He Texts but Never Makes Plans – E-tethering Anyone?

he texts but doesn't make plans

So you met a guy, maybe on a dating site, maybe even in real life and he now has your number.  He texts, you reply, he texts, you reply.  Seems to be going well, only problem is after a few days or a week, you realize he texts but never makes plans to actually see you.  What is a girl to do?

This often happens after you have spent some time with a guy, maybe even a few dates.  You think he must be interested, after all he is still texting you, maybe even every single day.  He takes the time to text you good morning or text you goodnight.  Maybe asks how is your day.

You tell yourself, he wouldn’t be texting me if he wasn’t interested.  Maybe he even tells you he is busy or has a work or family crisis going on, so you justify why he texts but never makes plans.

What do you do when a guy texts you but never asks you out?

Many will ask, what can I do to get him to ask me out.  They are thinking what can they say that will turn this around.  This is the wrong mindset when it comes to guys that just text but never make the effort to spend time with you.

By trying to get him to ask you out or planning and scheming of ways to get his interest you are trying to control the outcome.  Control being the keyword.  Control and relating with men do not mix, at all.

When he texts you but doesn’t make plans for weeks or even months at a time, it’s time to face the reality of what is and not what you wish it was.  If he isn’t putting in an effort to spend time and get to know you in person, his options are still open.

You may not be the only woman he is dancing this dance with.  He may just be E-tethering you.

What is E-tethering?

E-tethering or E-maintained is when a man does just what we are talking about.  He texts but never makes plans. He gives the least amount of emotional and physical investment possible to keep you as an option. If he wanted to see you or make plans with you, he would.

He may even ask to meet you last minute or just call up and want to come over late at night.  Since he has been texting you every day, even calling you by name ( being called by name subliminally creates the feel of connection), you say yes.  You think here is your chance.

Problem is, now your brain chemicals are activated into deeper attraction and when he goes back to his E-tethering, you allow it to continue, until next time.  Vicious cycle it is!

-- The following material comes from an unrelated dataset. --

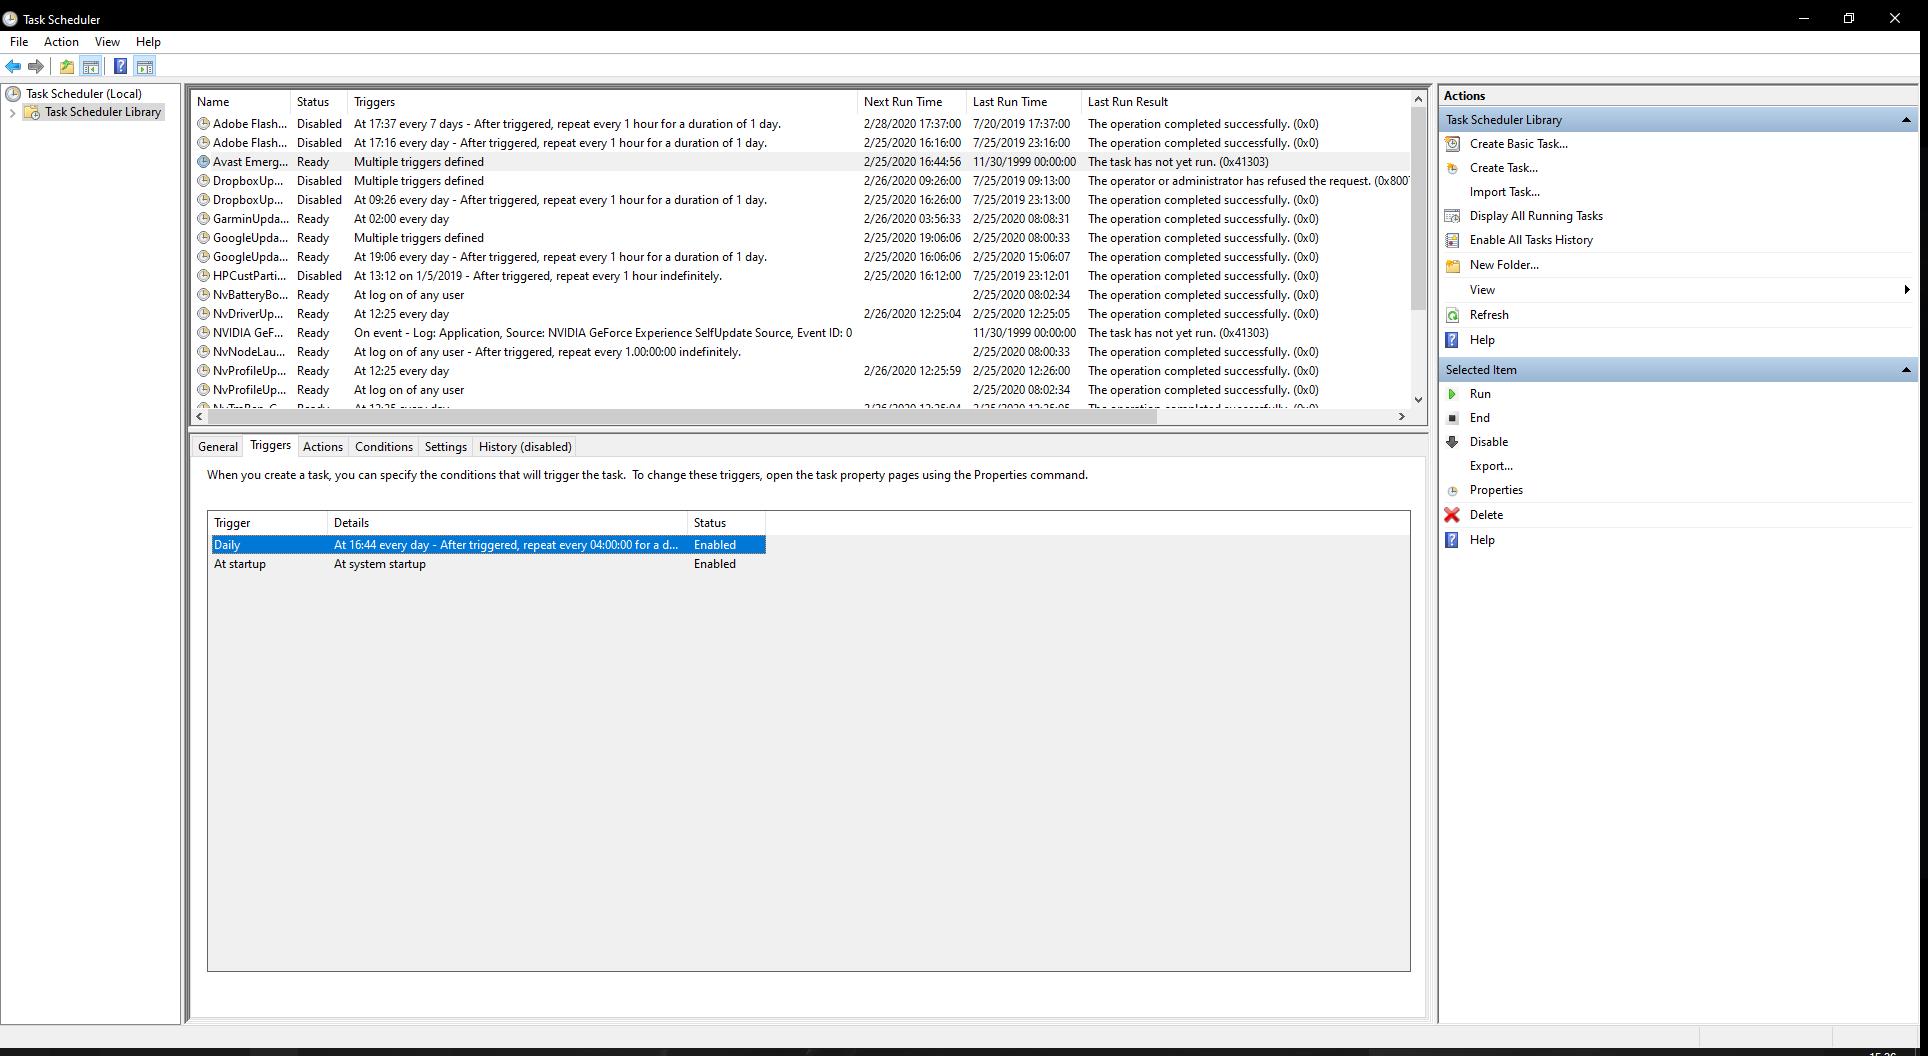 Screenshot of the Win10 Task Scheduler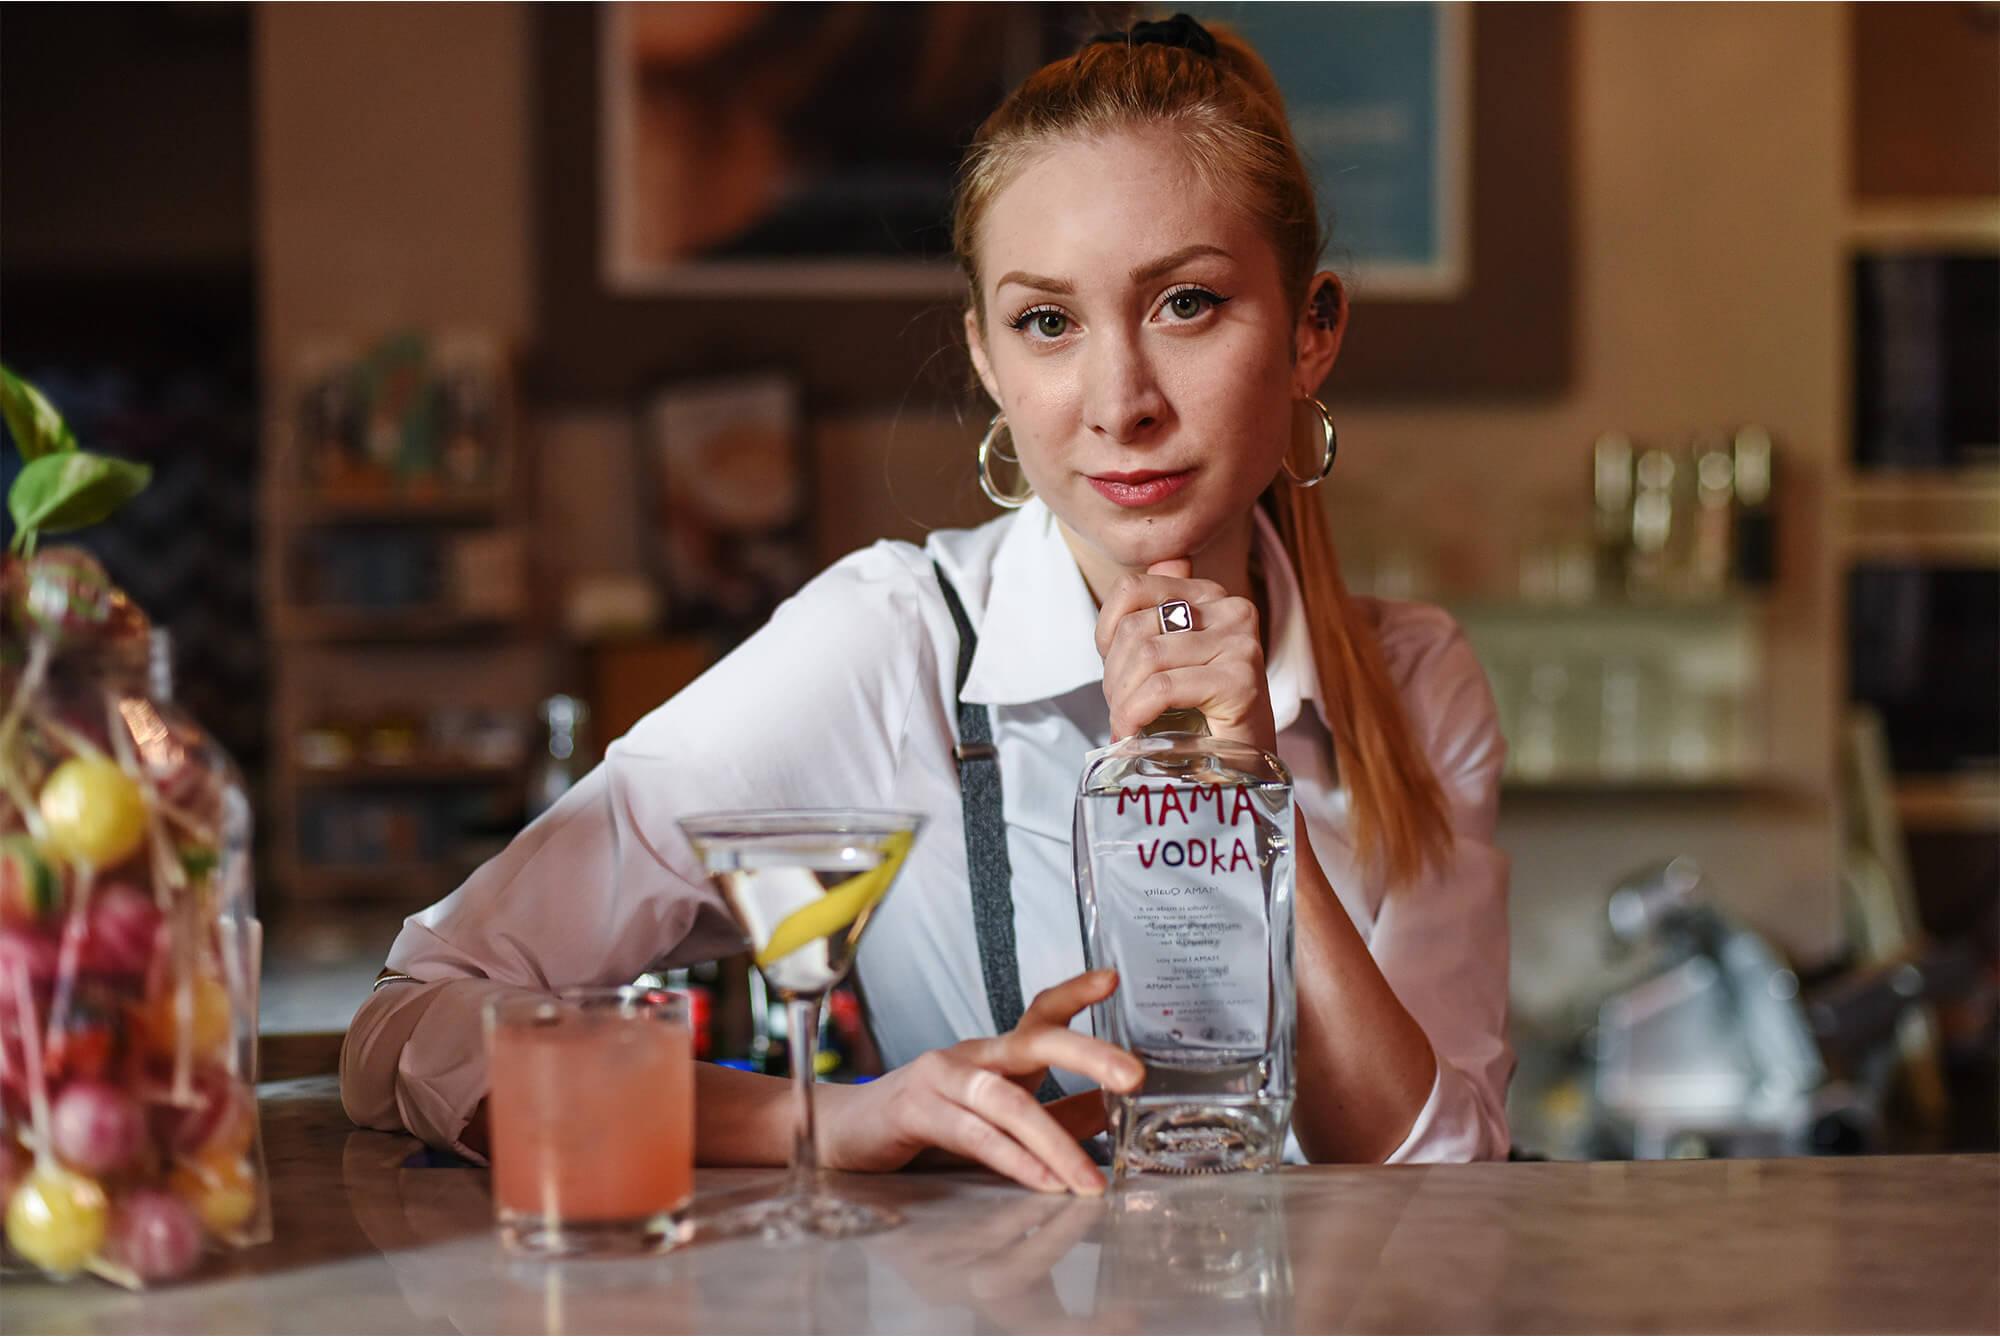 mamavodka bartender Il Cinemino

How To Handle When He Texts but Never Makes Plans

You mirror his behavior.  In other words, you keep your options open as well.  Put him on the back burner, keep dating others.  You stop wasting your emotional energy on a guy who isn’t investing into you. If all he can do is text you, maybe you become too busy on your other dates to reply to these mindless texts.

He will notice.  It’s not what you do that gets a man’s attention, it’s often more of what you don’t do.  Let him E-tether other girls, while you be easy to lose.  Lean way back into your feminine energy, not into controlling energy.  Controlling energy is when you try to think of ways to get him to ask you out.

Controlling energy is masculine and that never works on men.  It’s the leaning back, easy to lose energy that gets a man’s attention.

So next time you encounter a man you find interesting and he starts texting but never makes plans or asks you out, just care less. Don’t try to force it or build up hope.  If you have a dating rotation, you will hardly even notice.

Do you find yourself attaching to men that don’t step up?  Do you attach to men that don’t attach to you?  Do you find yourself trying to make things  happen with men.  You need to check out Katarina’s Leaning Back and Cultiving Feminine Mystique Workshop here. 

Photo credit Deposit Photo.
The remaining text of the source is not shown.